“Today, the human genome is easier to sequence but harder to interpret. That’s where statistical genetics comes in.”
And that’s also where Dajiang J. Liu comes in. Now an assistant professor in the Department of Public Health Sciences in the College of Medicine at Penn State University, Liu earned his Ph.D. in statistics (STAT) from Rice University in 2011.
“He is one of the best students we ever had. He is a statistician but with a deep knowledge of mathematics. He finally chose statistical genetics and genetic epidemiology, and does a lot of work with the so-called ‘rare variants,’” said Marek Kimmel, professor of STAT at Rice and Liu’s doctoral co-adviser.

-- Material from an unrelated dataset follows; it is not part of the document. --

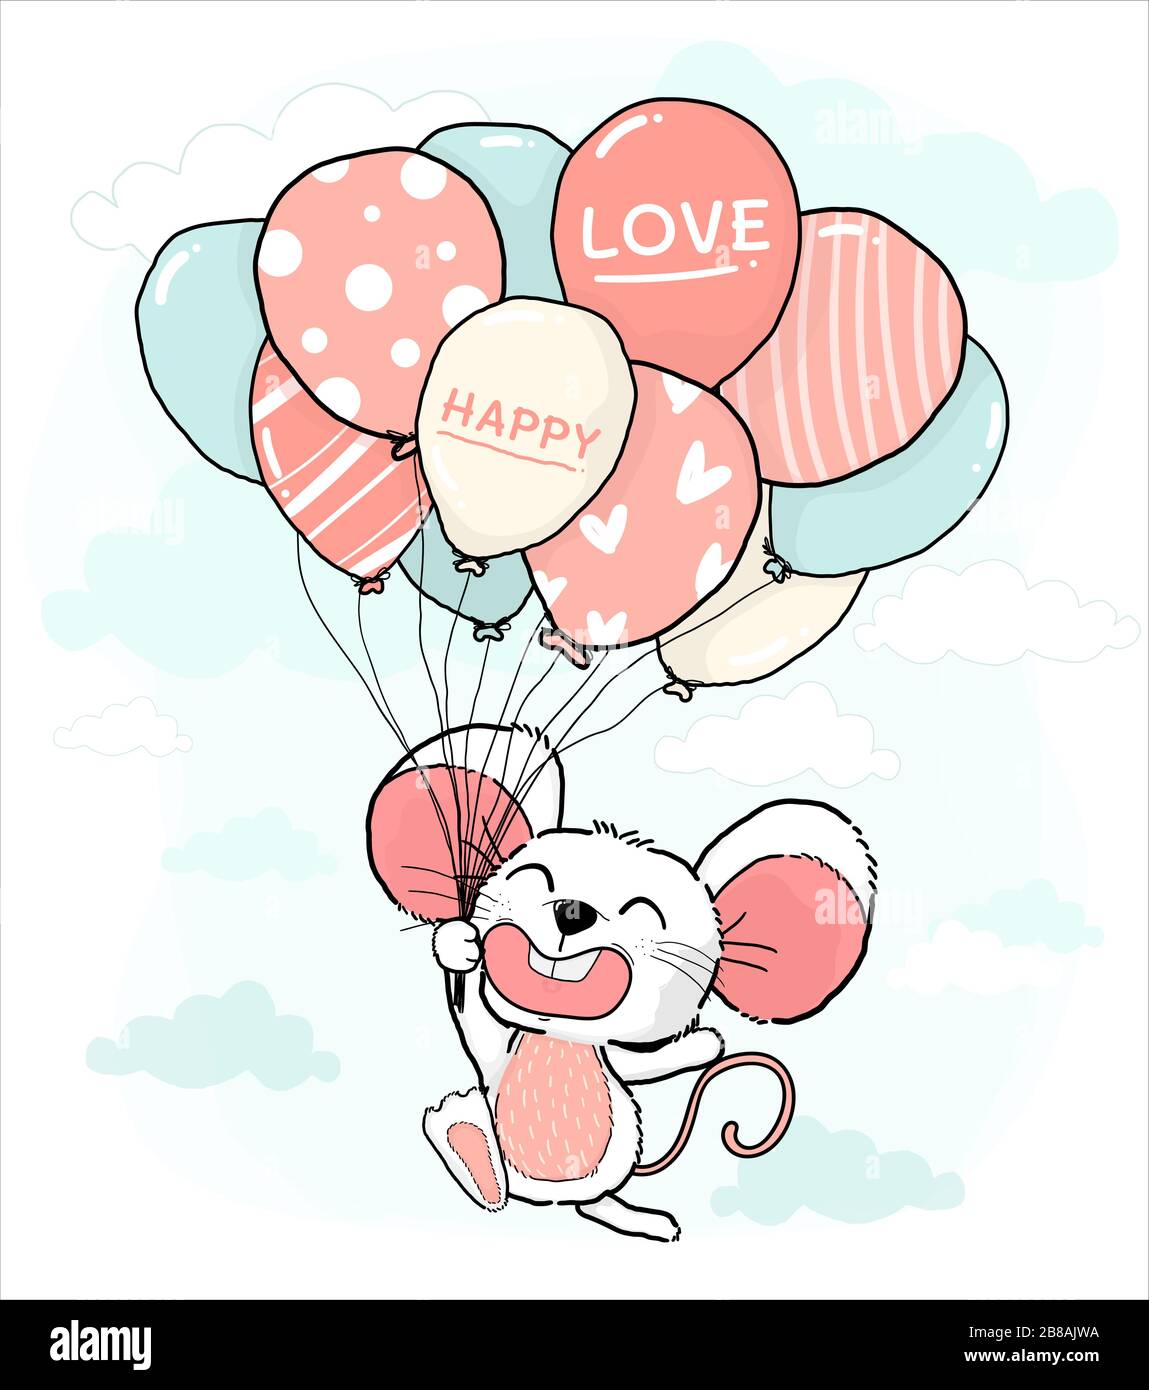 Fröhliches Lächeln niedliche kleine Mäuse, die den Brunch von Pastellballons am blauen Himmel halten, Umriss Zeichnung Charakter Tierfigur Cartoon, Idee für Grußkarte, Stock Vektor
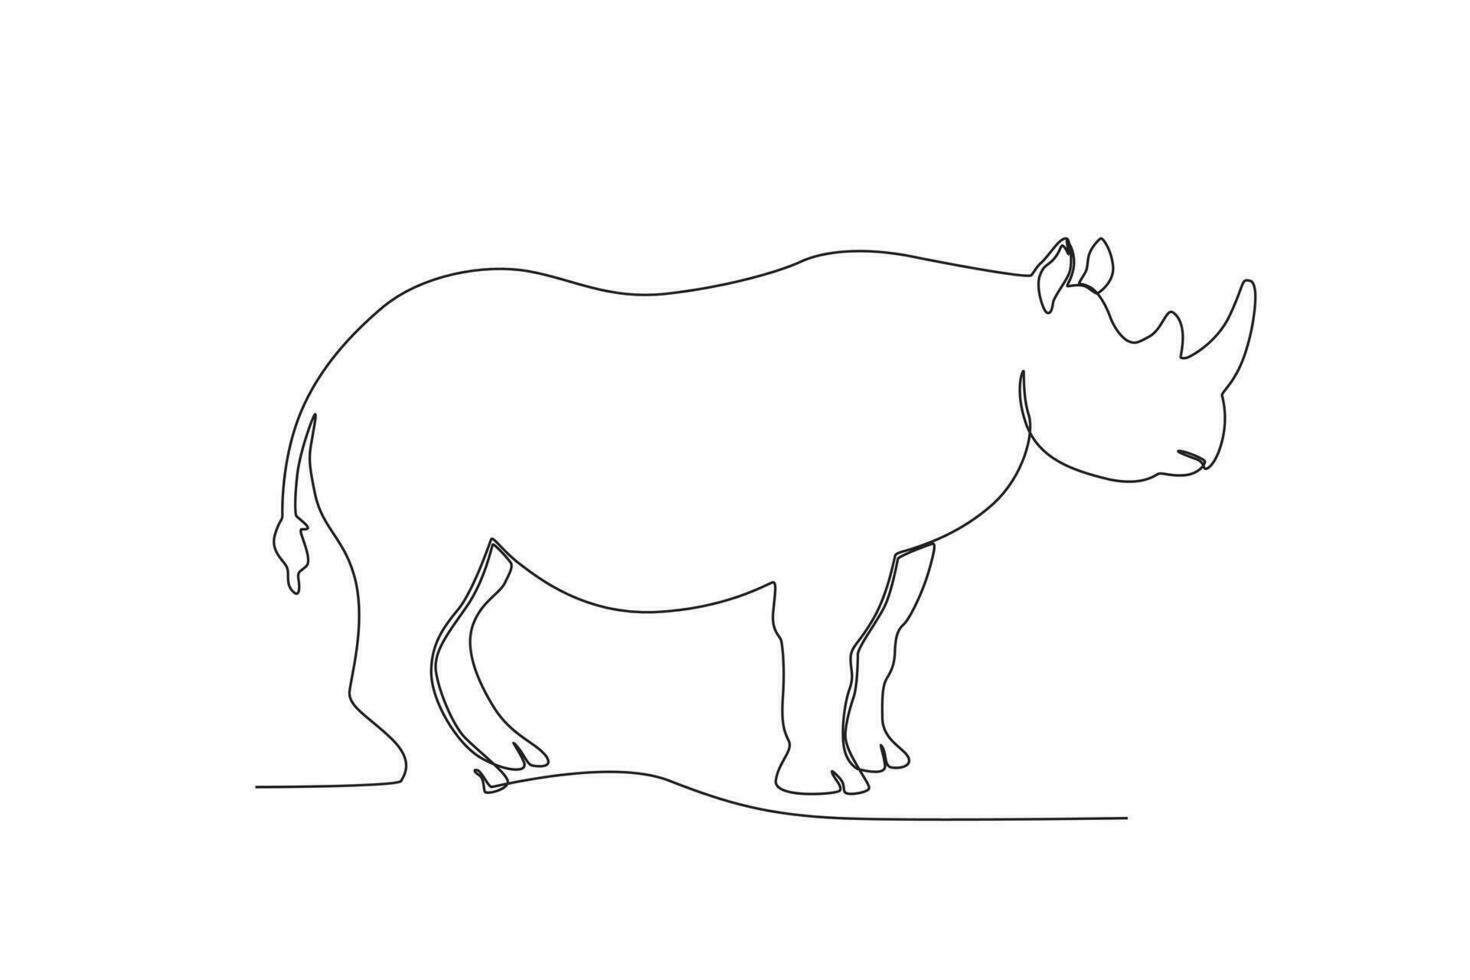 singolo uno linea disegno di un' rinoceronte. continuo linea disegnare design grafico vettore illustrazione.

With the aid of two active grants from the National Institutes of Health (NIH) totaling $2.7 million, Liu pursues what he calls his “central theme”: developing statistical methods for analyzing large data sets. With the larger grant he studies genetic variants that alter gene function and occur sparsely in a population, but may play a significant role in various diseases. With the other, Liu analyzes the “genetic architecture” for smoking addiction and nicotine dependence.
“Despite the common view,” Kimmel said of Liu’s work, “many genetic diseases are not caused by one sledgehammer blow to the gene, but by many smaller alternative mutations acting separately or in concert. Rare variants cause statistical problems if you want to detect then. A given variant can cause disease in only five families, so the sample size is small.”
Liu became interested in rare genetic variants thanks to his other doctoral adviser, Suzanne Margaret Leal, professor of molecular and human genetics at Baylor College of Medicine and adjunct professor of STAT at Rice. His doctoral thesis was titled “Statistical Methods for Mapping Complex Traits Due to Rare Variants Using Sequencing Data.”
“I was very fortunate at Rice with the people who worked with me. Combined, Professor Kimmel and Professor Leal gave me excellent preparation for the area that has become my specialization,” said Liu, whose other research projects have included investigations of lipids and lupus.
In 2003, he earned his B.S. in applied mathematics and economics at Peking University, followed by an M.A. in mathematics from Rice in 2006. After getting his Ph.D., Liu spent two years as a postdoctoral researcher at the University of Michigan, before joining the Penn State faculty in 2014. Last year he received the Penn State College of Medicine Distinguished Early Stage Investigator Award.
Liu is now the principal investigator of a lab with four Ph.D. students, a postdoctoral research fellow and two rotation students. “My lab at Penn State is very busy,” Liu said. “We’ve been generating datasets using high throughput genotyping and sequencing. At the same time, we are developing cutting edge computational approaches to effectively and efficiently analyze these datasets. What this all is leading up to is personalized medicine, customizing diagnosis and treatment to the individual patient.”